I paid $880 and I am locked in on less powerful, less functional models. However, I am not going to say it was not worth it for a few reasons.

  1. Privacy of data – everything that I query on the local models stays private, for me. And while that may not matter to some, and I am not querying anything outrageous, I prefer that. And I will like it when my children are old enough to start using models, they can start with local ones.
  2. I am a tech nerd and like to set things up like this. It was fun setting it up and it is fun interacting with models that run on my hardware.
  3. As hardware costs come down, an improved local machine is one GPU upgrade away.
  4. I imagine that opensource, local models will also improve, even the smaller ones. I will not be forever locked into these same models.

Conclusion

Am I happy I went through this process? Yes. Is it as useful and I originally thought that it would be? No. It was easier to set up the system itself and get it working, but getting the coding to work was a significantly larger challenge than I thought it would be. And in trying to get that to work, it led me down the path where I discovered how much better the cloud based models are, even for cheap, and why my local server cannot replace or even compete with even the lowest level Cursor plan.
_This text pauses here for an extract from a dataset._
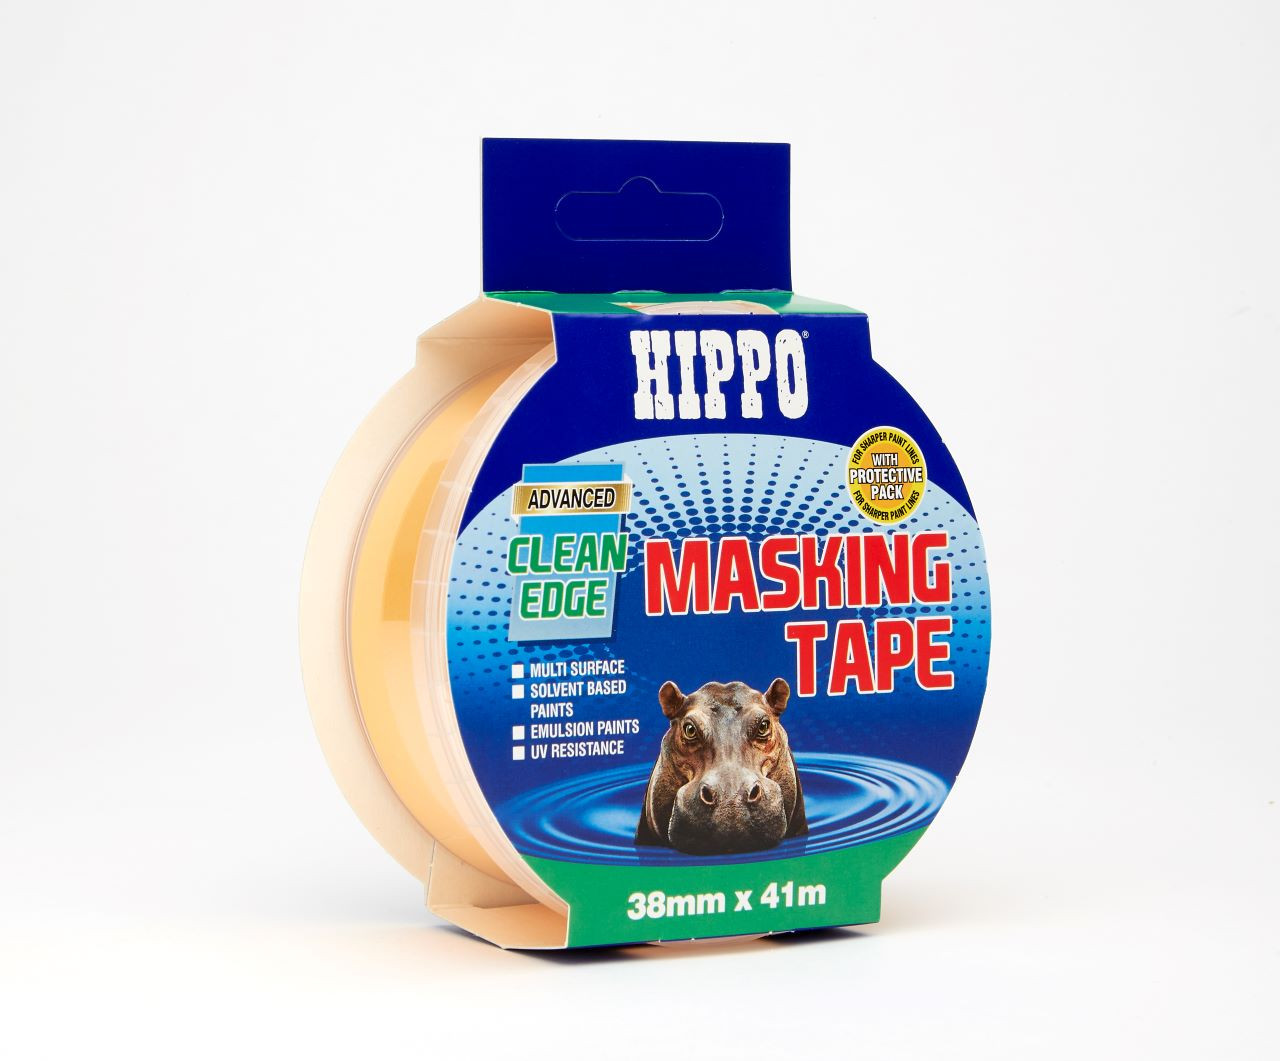 Photograph of Hippo Clean Edge Masking Tape 28mm x 41m

Running a local model can be great if you are an enthusiast that wants to set something like this up, and if you have the right expectations about what you want to get out of it. I think something like this is best used in combination with other cloud based AI models. If you have basic needs, a cloud based model for cheap is probably best. If you have really advanced needs, a cloud based model would be best. Building a specific AI server with consumer parts is for someone that is an enthusiast.